Benchmarking Bionetta

Introducing Bionetta, an R1CS-based proving framework designed with a focus on client-side proving and on-chain verification of neural network architectures. Our goal was to create a framework with (a) proof and verification key sizes as small as possible, suitable for on-chain deployment, and (b) superior proving time that does not consume too much RAM. Currently, Groth16 is one of the best choices, providing constant-sized proof and verification time, relatively small verification key sizes, well-developed infrastructure, and, as we discovered, R1CS arithmetization that is much more suitable for client-side proving than PlonK-based approaches such as Halo2.
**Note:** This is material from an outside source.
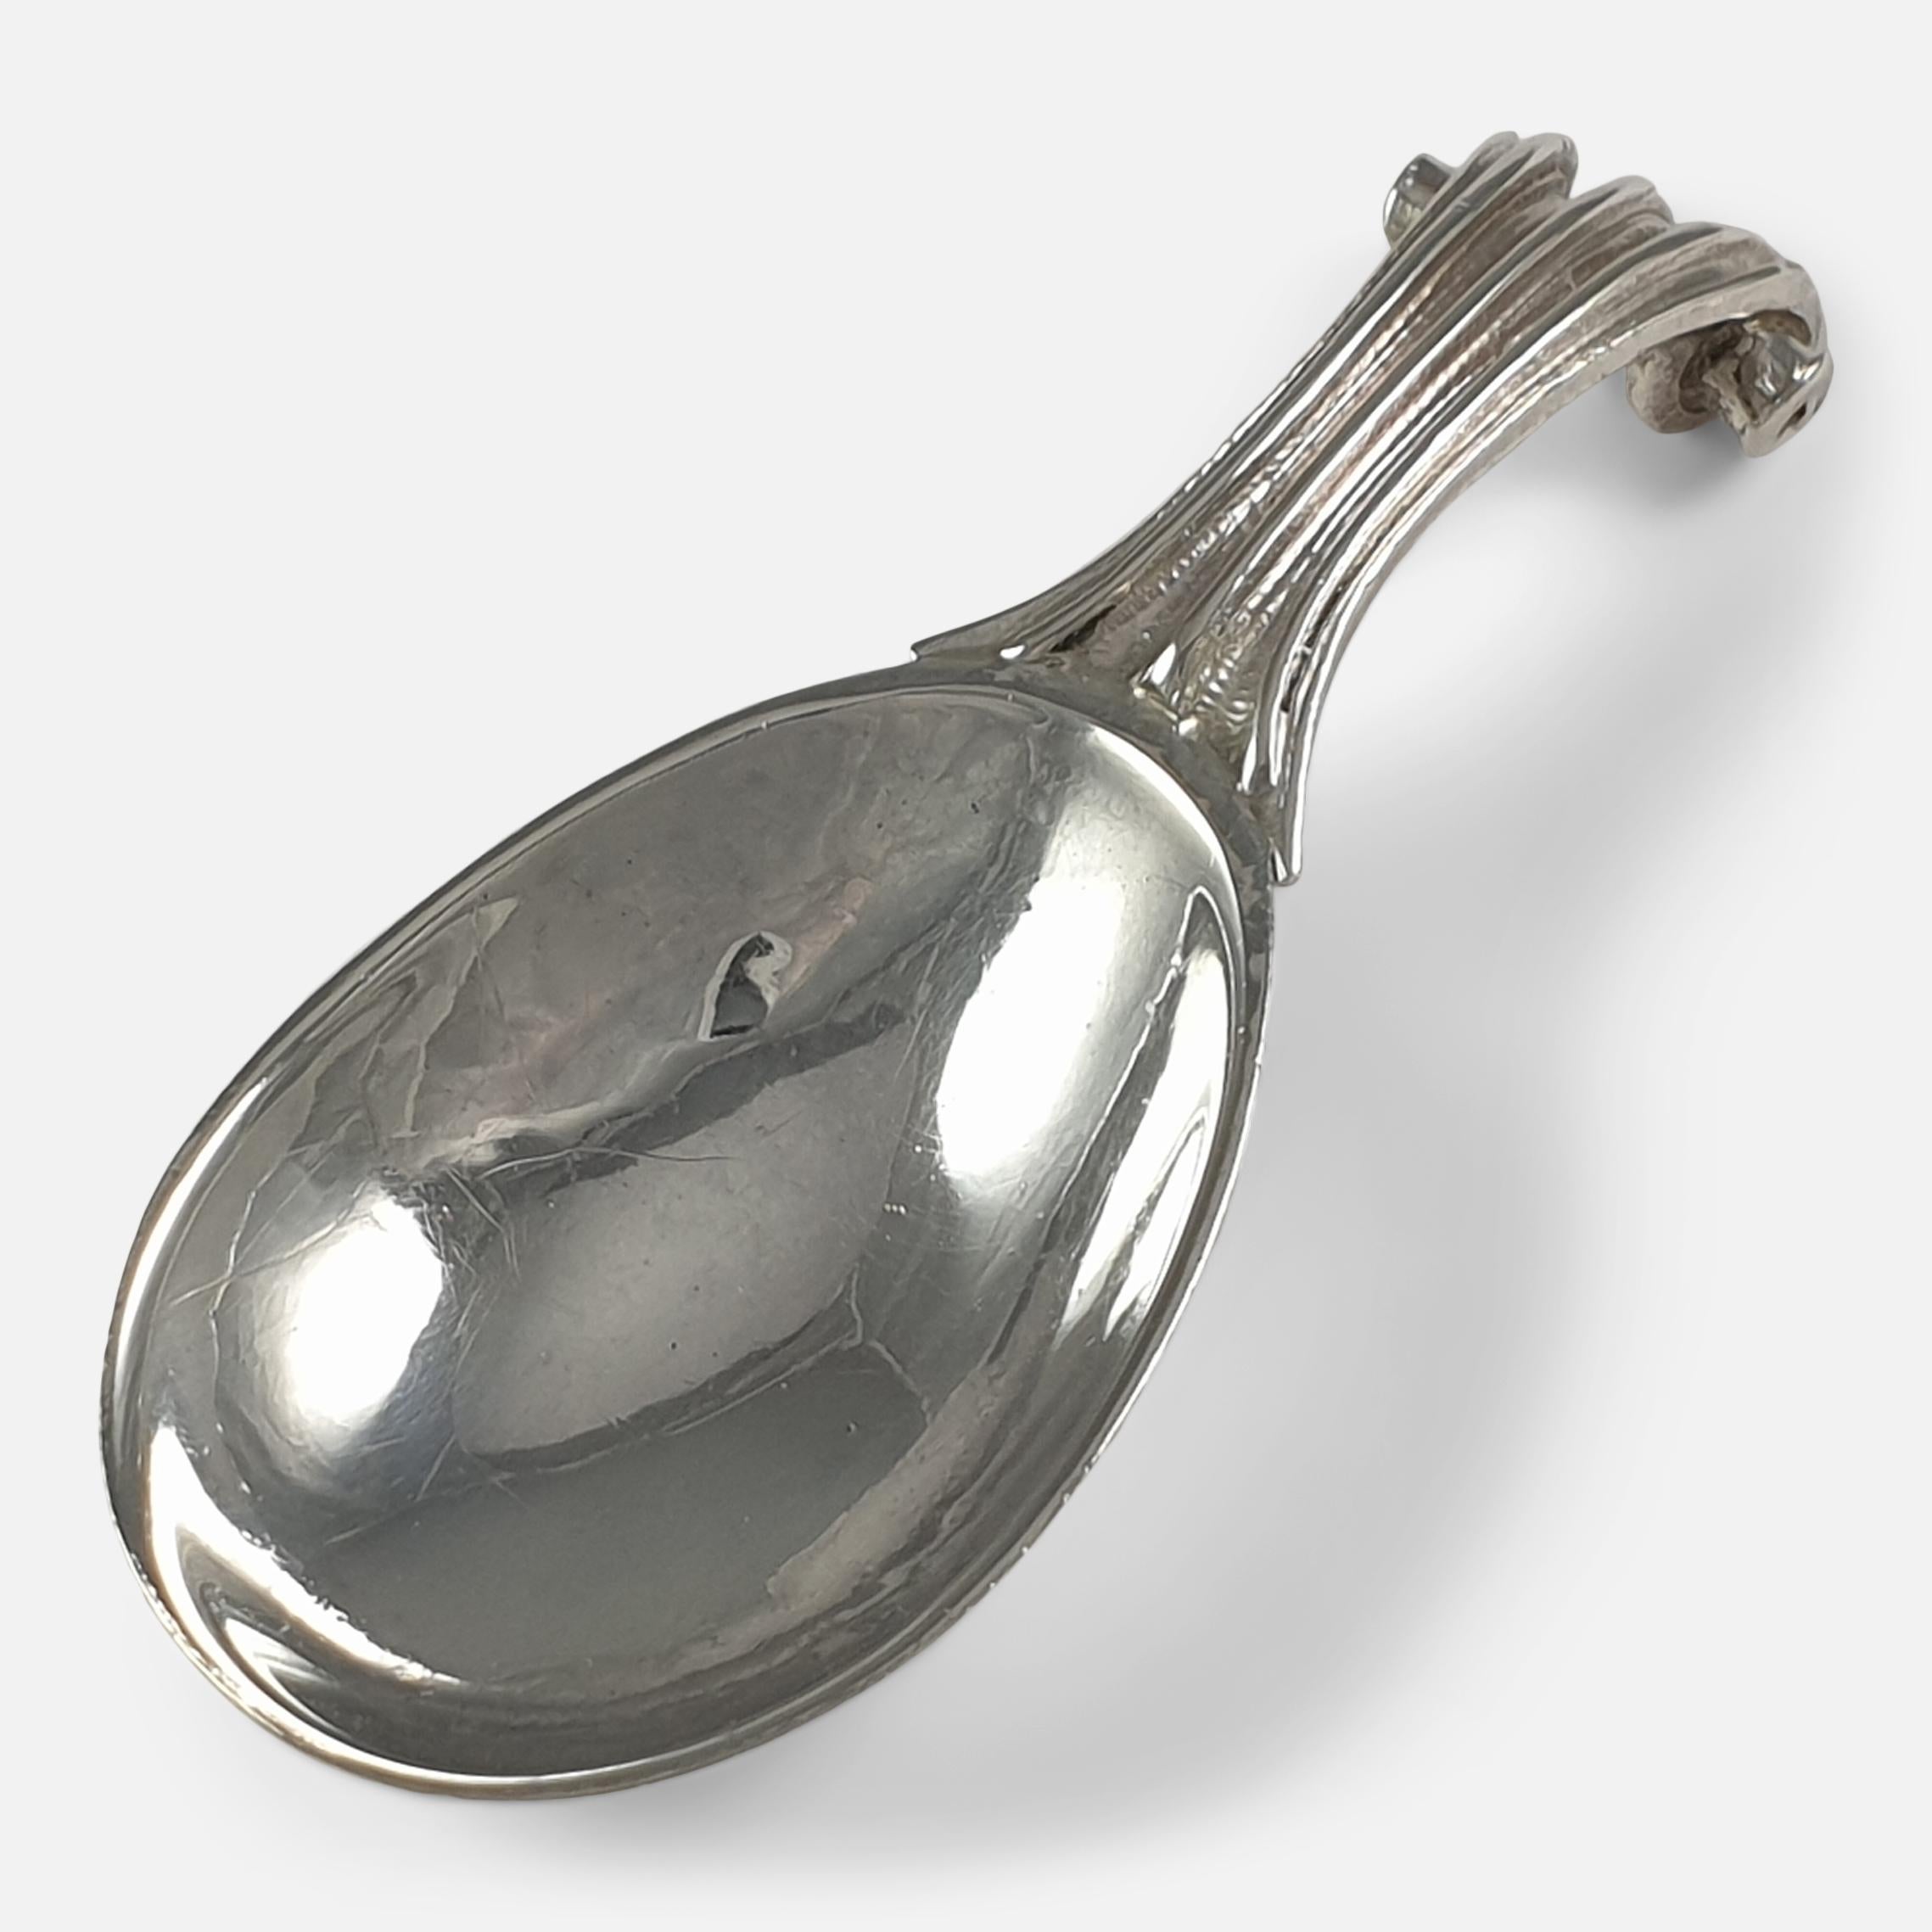 An Arts & Crafts sterling silver tea caddy spoon. The tea caddy spoon has a spot-hammered bowl, and fluted Onslow-style handle. 

Made by the silversmith Omar Ramsden, and hallmarked Birmingham, 1927.

Assay: - .925 Sterling Silver.

Date: -

While initially the framework was designed primarily for custom-crafted biometric neural networks for production purposes, we discovered that our approach generalizes admirably well to general neural network architectures. Тhat said, we share the benchmark results and compare them to the results of other frameworks in a selected pool of models for fair results. The results of our framework show an incredible boost in the majority of the criteria above and enable fast and easy flow for deploying client-side zkML on-chain.
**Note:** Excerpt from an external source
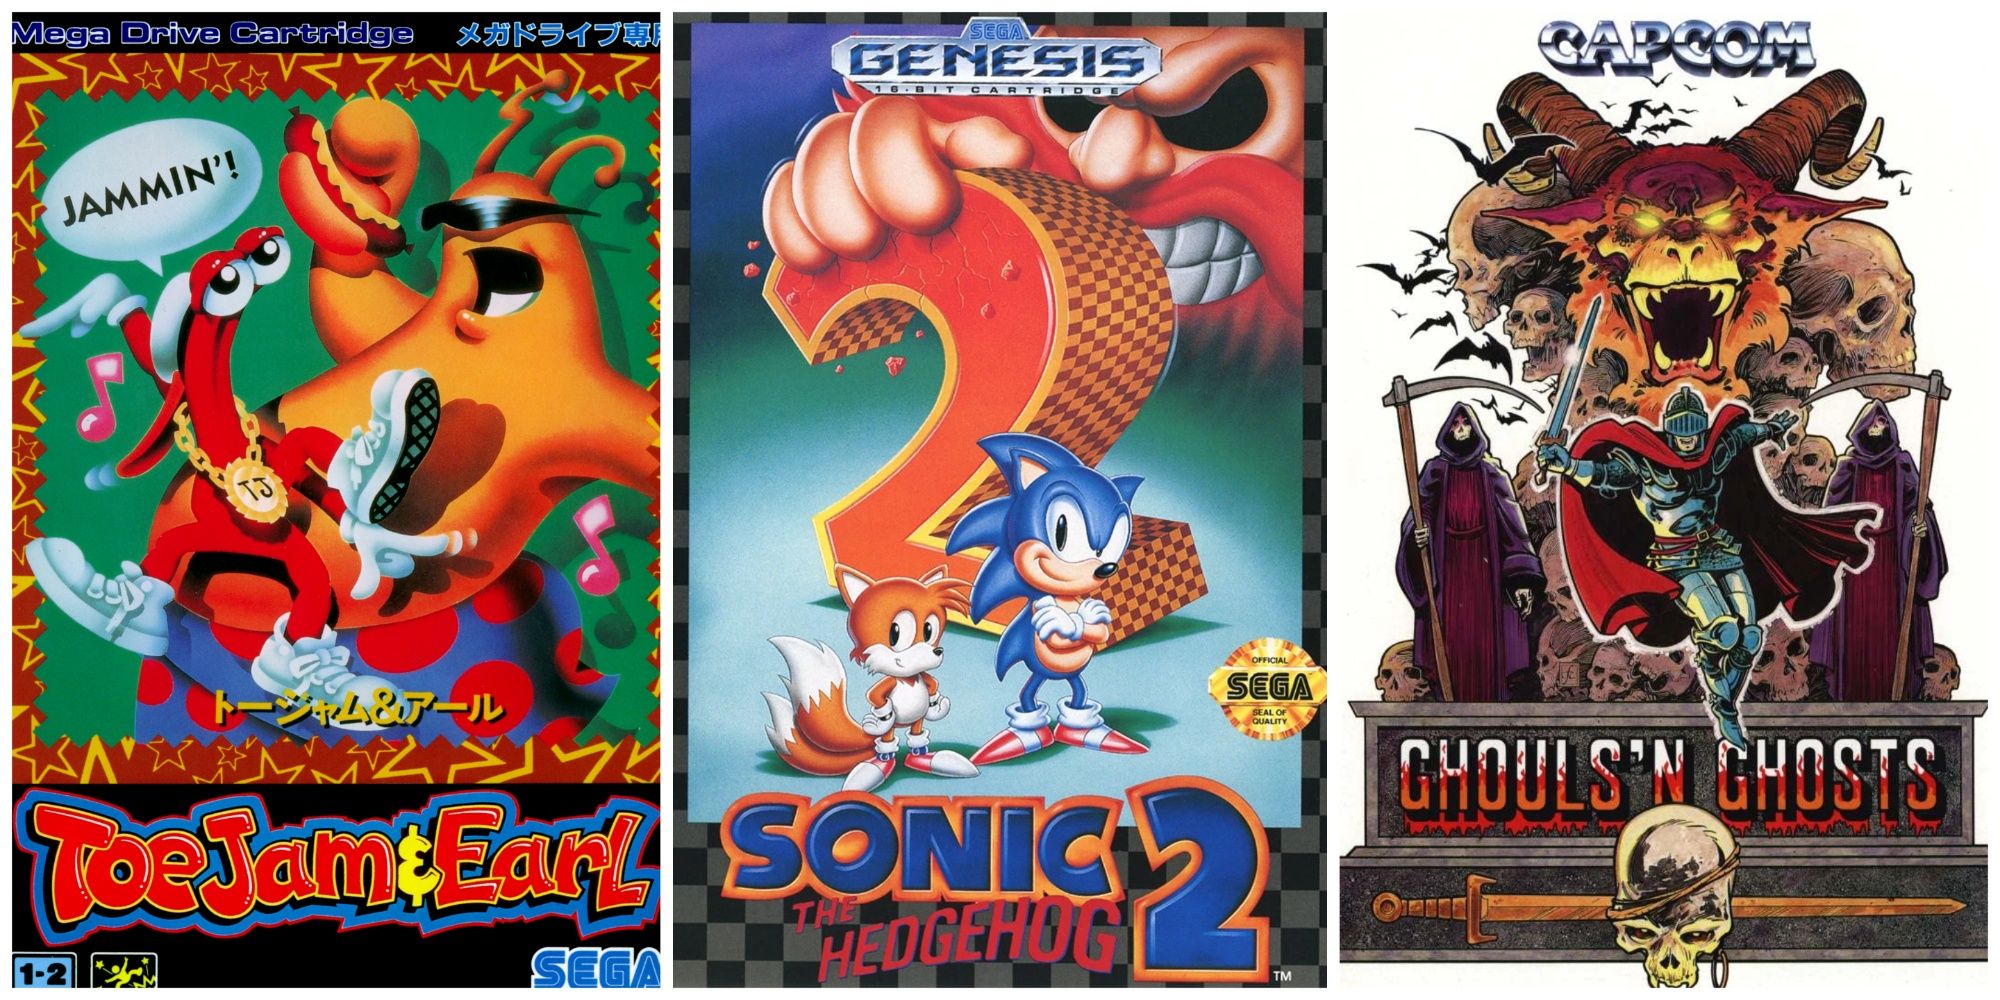 A collage of Sega Genesis games: ToeJam & Earl (left), Sonic 2 (middle), and Ghouls 'n' Ghosts (right).

Note: Our approach not only boosts the proving and verification performance for existing neural network architectures, but also discovers the way how to build custom architectures to make proving even faster. However, this is a topic for yet another blog!

Similar Approaches

We’ve chosen the four most widely used and well-developed zkML frameworks — EZKL, keras2circom, *ddkang/zkml,* and *deep-prove — to compare and benchmark with Bionetta*. Let's describe the differences between each of these frameworks and Bionetta.

EZKL and ddkang/zkml rely on Halo2 proving system and PlonKish arithmetization, which is not as optimal as R1CS, when it comes to the client-side proving (when the model architecture and weights are public, resulting in a drastically large number of gates). Also, Groth16 provides much better verification key sizes (3KB vs 650KB up to 4.2MB).

keras2circom translates Keras-based models into Circom circuits, but cannot handle deep networks, where the scaling factor of each weight cannot be more significant than the estimated value of 10⌃76/ℓ (ℓ is the depth of the neural network), which causes the loss of precision. Also, keras2circom provides less optimal circuits when the weights are public.

Deep-prove relies on Ceno, a GKR-based protocol. Deep-prove has linear proving time in contrast to linear-logarithmic proving time in other proving systems. However, there is one considerable downside: the size of the proof. It can be more than several megabytes, making it completely useless for applications where the size of the data matters the most, like in smart-contract applications. Also, there is another massive issue with deep-prove — standard 8-bit quantization, which messes up the accuracy of the resulting output of the circuit, where this output rarely coincides with the real outputs of the model. Making the quantization bits higher makes the proof size much bigger and impractical for applications.

While comparing the mentioned zkML frameworks and Bionetta, we relied on four main criteria:

An ability to use a framework for client-side proving without waiting more than 10 minutes to prove.
Verifiability on-chain: the cheaper the verifier, the better.
Support for generic architectures: the current framework infrastructure supports any Tensorflow/PyTorch models and allows for compiling ZK circuits on top of them.
Consistency: the equivalence of outputs in the original and ZK models.

In Table 1, there is a summary of framework capabilities by the mentioned criteria.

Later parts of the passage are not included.